Marigold shrugged, bending to sniff a rose. She looked on with surprise as a bee flew onto the bloom, claiming it for its own. 'Multiple reasons. But I'd say-' the bee walked from the rose onto the witch's outstretched finger slowly, ponderously, before flying away '-it was because you were being warned.'

'Pretty big warning,' Hara muttered, thinking of the tender wound in her gut, still red and swollen when she'd carefully examined it that morning.

Marigold hmm'd. 'You could be dead. I'm surprised you're not,' she said bluntly.
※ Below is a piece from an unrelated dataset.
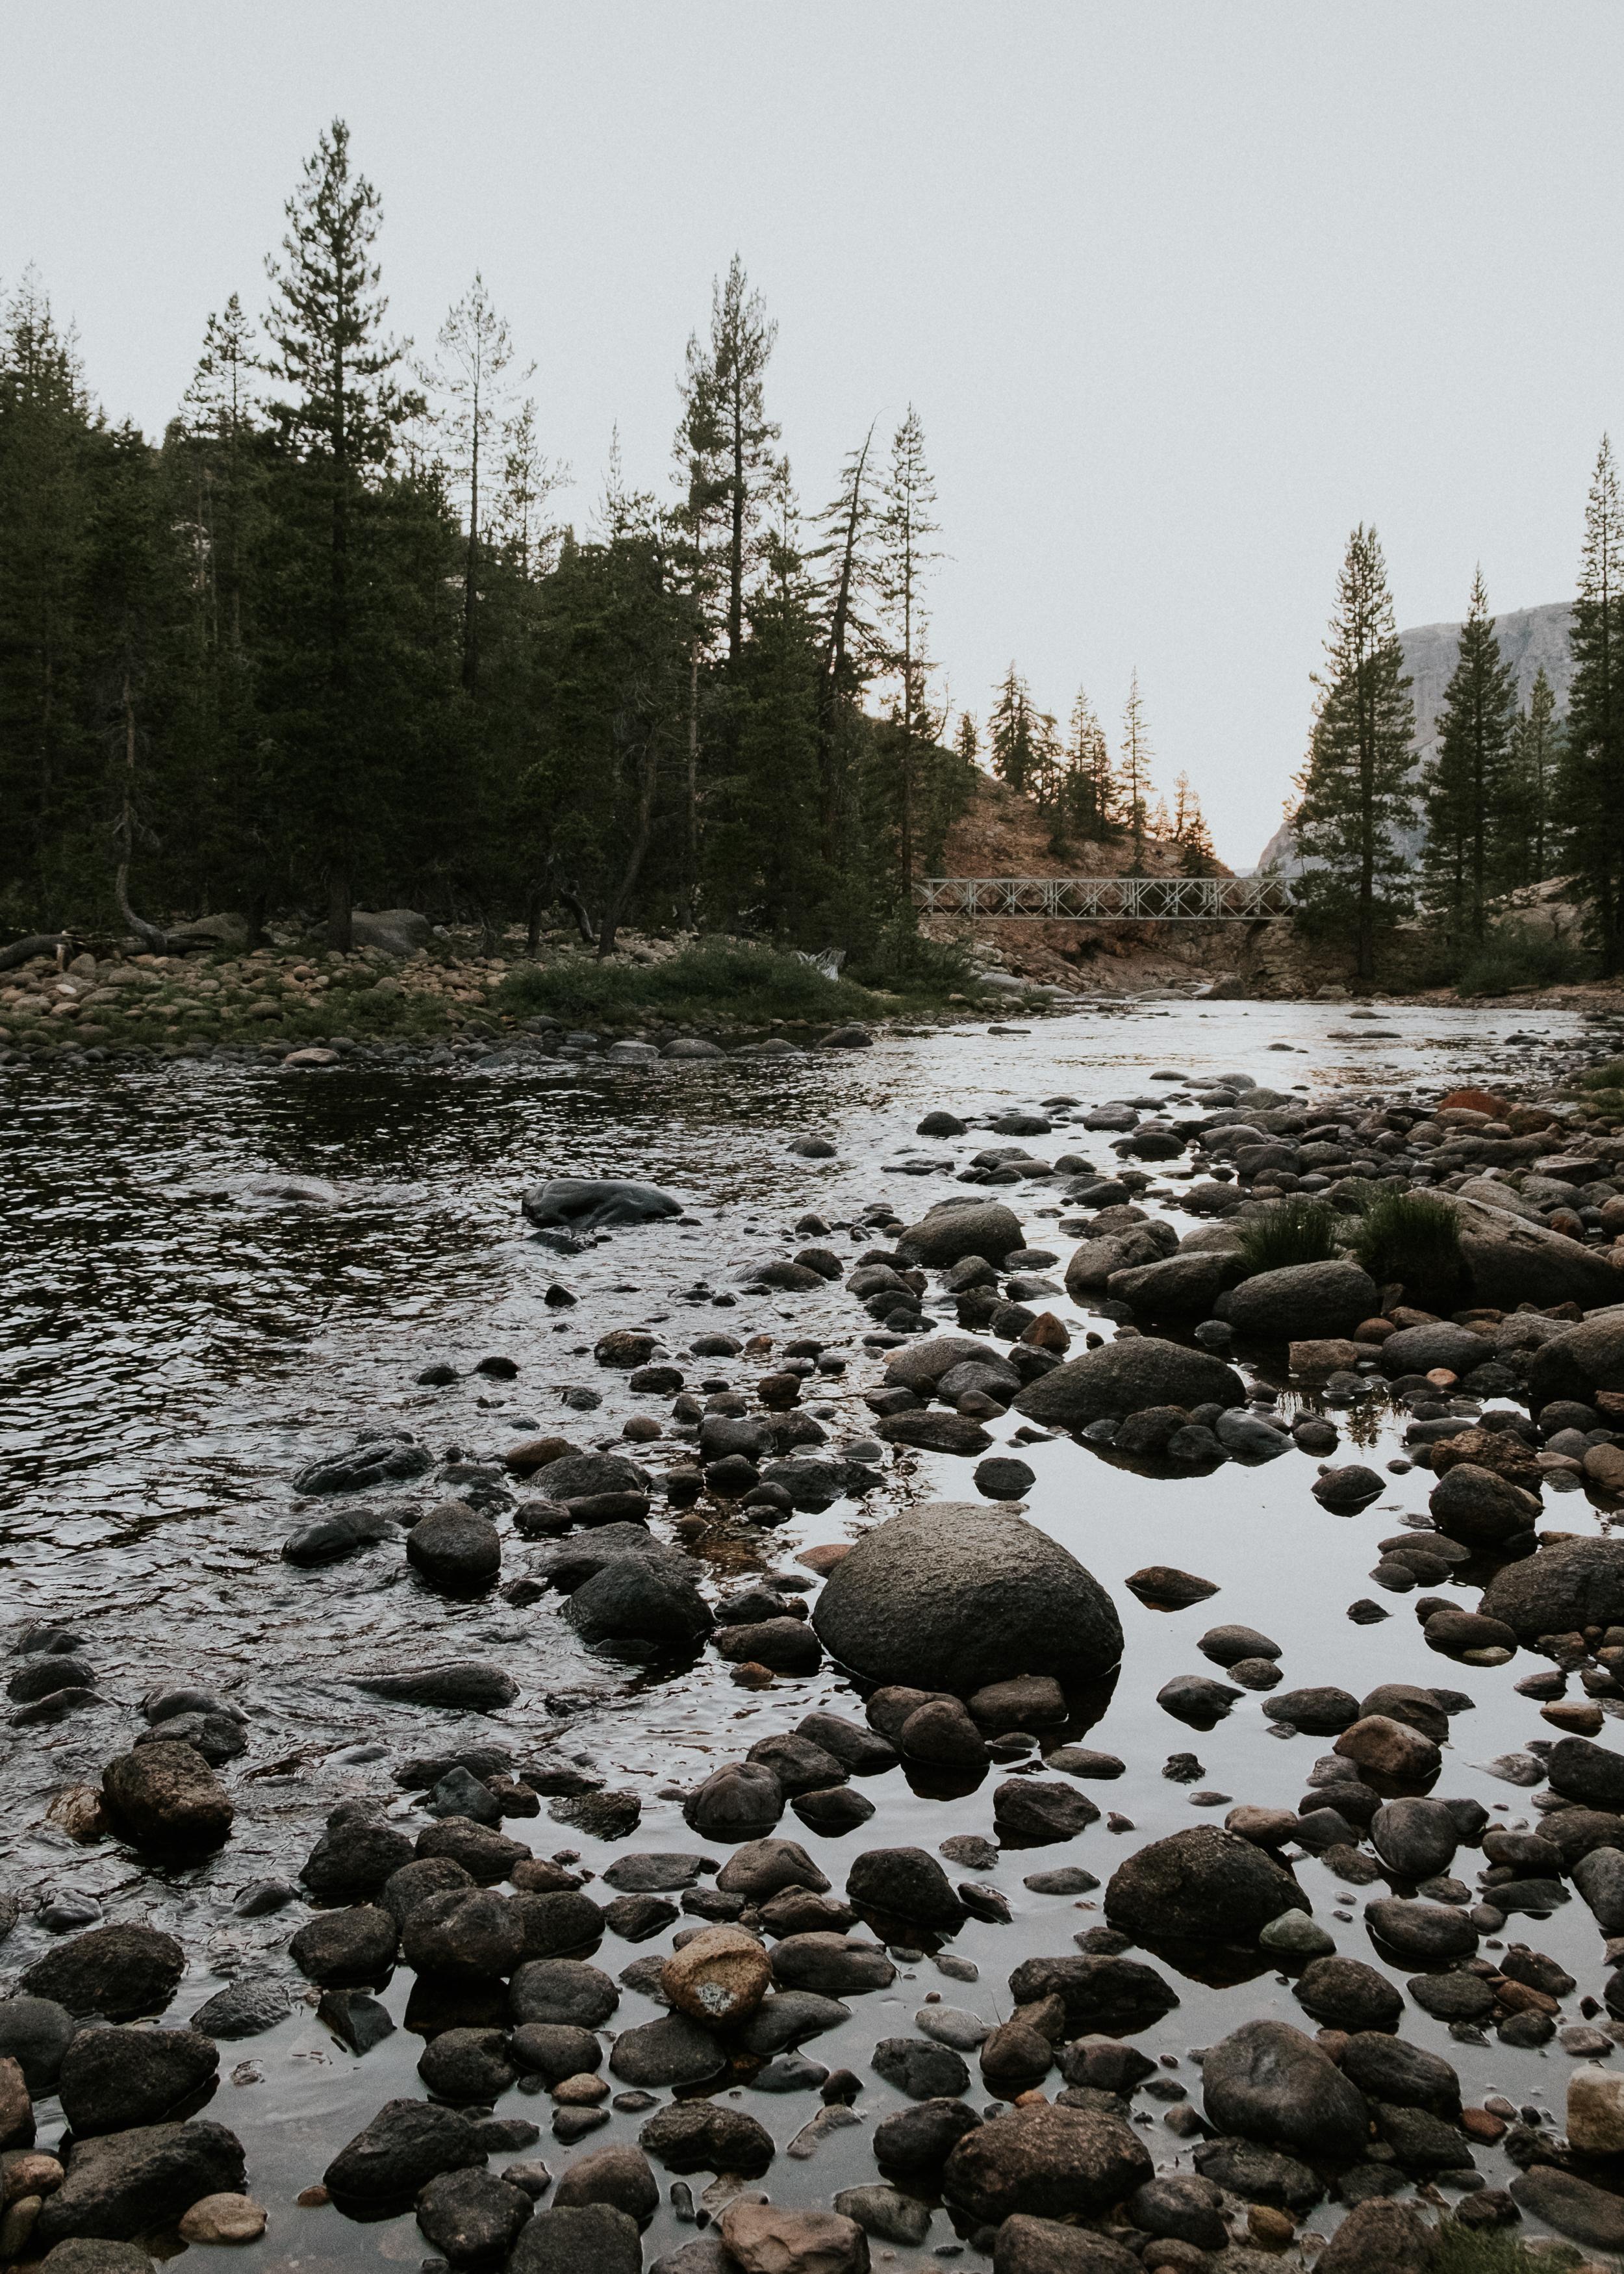 glen-aulin-camp-yosemite.jpg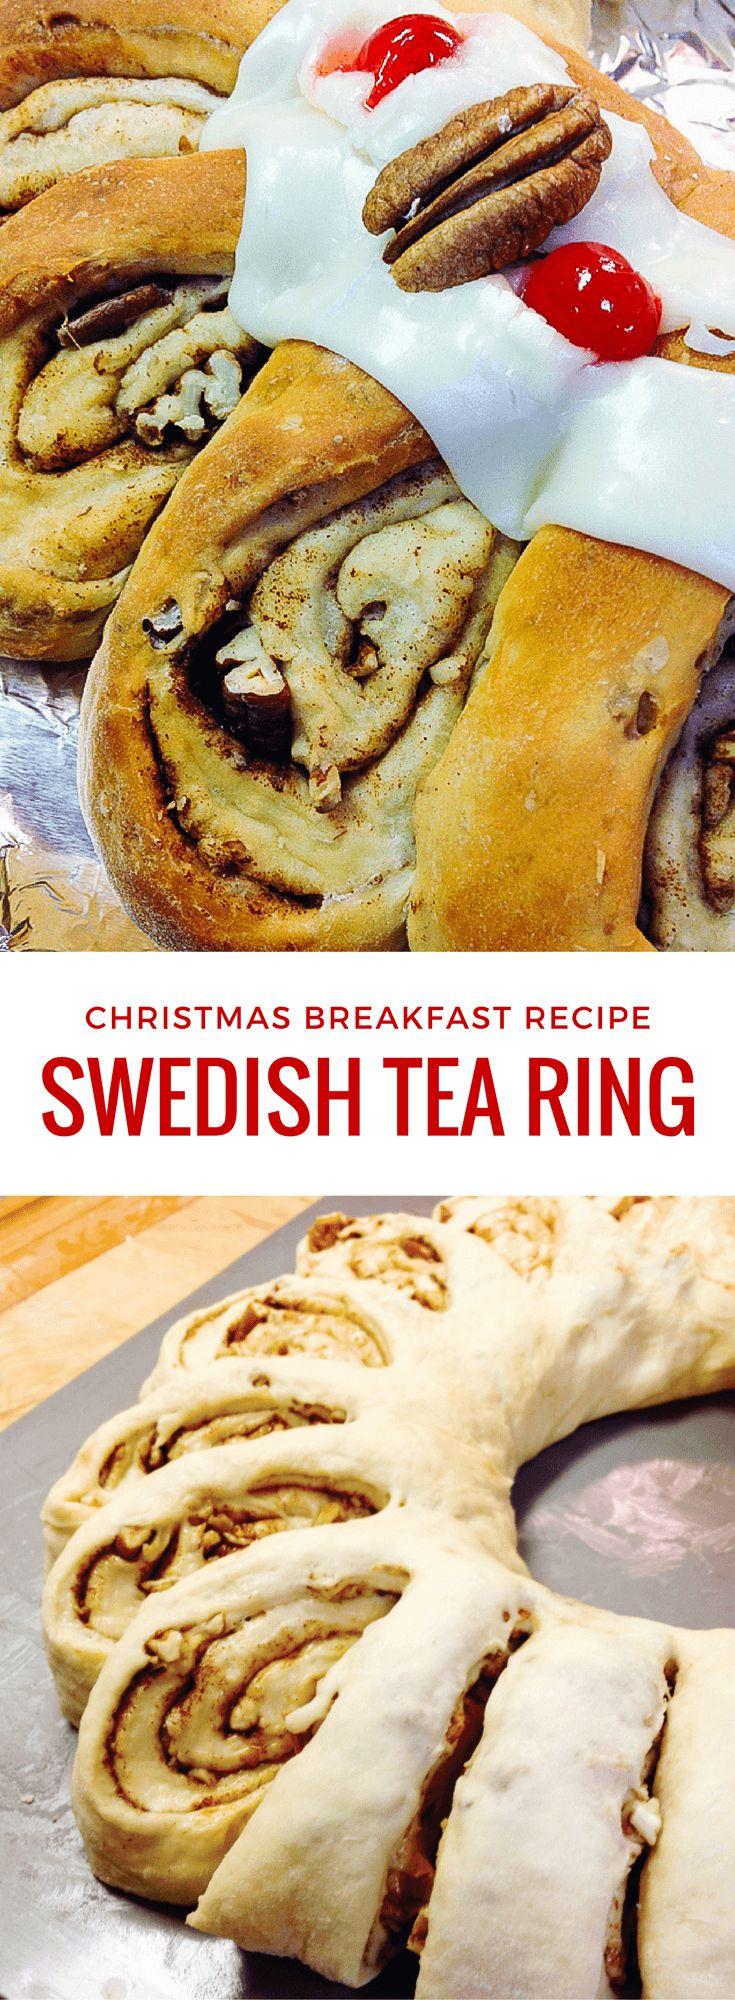 Swedish Tea Ring Recipe - special and memorable Christmas Breakfast idea | #breakfastrecipe #christmasbreakfast #christmas #breakfast #christmastraditions

Hara couldn't help but bristle. 'I imagine you thought it was me,' she added tonelessly.

'I did,' Hara agreed; Plim made a horrified sound.

'I would have, too.' The witch shrugged, seeming not to mind much. 'I wouldn't ask you to trust me, but I do want you to believe-'

'I think you're clever, Marigold. I don't think you're cruel.'

The witch didn't seem to know what exactly to say to this, so she stared blankly at Hara for a full minute. 'I think my revenge quest is going to be shelved for a while. We've got more important things to deal with now,' she said in the end, swearing. 'I really wanted those spells back.'

'It spoke to me.'

'What?' Marigold and Plim said at the same time; Marigold eyed Plim skeptically, still put out about the whole you can talk thing.

'It said... told me not to struggle. Knew I would come back. They were in the room with me, I heard-'

'We're going to find them,' Plim said fiercely, her bright feathers puffing up to make her appear twice her actual size.

'Wait-' Hara looked from Plim to the witch, the witch to Plim '-wait.'

'She's coming,' Plim said.

'I'm coming,' Marigold said.

Hara blinked. 'Those flowers were for you, anyway.'

Marigold took the bunch and looked them over curiously. 'Where are they from? They're... lovely.'

Plim and Hara exchanged a look. They were a good team, but neither had intended to team up before they met. Yet here they were, inseparable. So what was to say Marigold's joining them wouldn't be for the best?

And besides, Hara could no longer think of a reason she shouldn't.

Not recognising her own flowers didn't count.